Fabián suspiró, resignado.

Levantó la mano y le acarició suavemente el cabello, añadiendo:

—Si de verdad tienes que ir, tendrás que llevarme contigo.

Almendra se quedó sin palabras.

Adelante, Martín sentía que se le iba a dormir el cuerpo. Su jefe se estaba volviendo cada vez mejor para contentar a las chicas. Cielos, si no estuviera conduciendo, tendría que grabar esas palabras para cumplir con la misión de su abuelo.

El Sector 1 no estaba muy lejos de Lomas de Santa Fe, así que llegaron en poco tiempo.

Fabián tenía muchas más cosas que decirle a Almendra, pero ella tenía que ir a casa a cenar con su familia.

—Ya es tarde, vete a casa.

Al ver a la chica de ojos sonrientes despedirse con la mano, Fabián no pudo controlarse y la atrajo hacia sus brazos.

«¿Otra vez?», pensó Almendra.

—Alme, en realidad, nos conocimos hace tres años —dijo Fabián con voz grave, conteniendo la emoción en su interior.

—Tú… ¿tú eres el Comandante 001?

Fabián enarcó una ceja.

—Sí, ¿sorprendida?

Almendra sonrió al instante, sus ojos de cristal brillaban con una luz pura y hermosa.
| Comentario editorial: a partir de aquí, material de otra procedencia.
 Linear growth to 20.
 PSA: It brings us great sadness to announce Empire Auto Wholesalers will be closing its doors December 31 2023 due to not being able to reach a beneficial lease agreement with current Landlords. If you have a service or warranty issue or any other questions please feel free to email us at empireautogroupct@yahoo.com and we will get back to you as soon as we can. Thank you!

—Claro que estoy sorprendida.

Hace tres años, Nueva Córdoba había enviado un equipo militar en una misión secreta para rescatar a los ciudadanos de Nueva Córdoba que habían sido secuestrados y maltratados. El líder de ese equipo era 001.

Todos lo llamaban Comandante 001. Debido al alto nivel de riesgo, el Comandante 001 se infiltró primero en la base para investigar la situación en secreto, y su contacto era Almendra.

Sin embargo, nunca se vieron. Se comunicaban dejando marcas en lugares fijos, pequeñas notas, en fin, usando todo tipo de métodos.

Fue Almendra quien le proporcionó al Comandante 001 el plano de la base.

Más tarde, cuando el momento fue propicio, se desató una feroz batalla. Para proteger a los trescientos civiles que estaban en los calabozos, el Comandante 001 se quedó atrás para cubrir la retirada, lo que retrasó su escape. Hubo una violenta explosión en los calabozos y resultó gravemente herido.

Todos trabajaron juntos para desenterrarlo de los escombros.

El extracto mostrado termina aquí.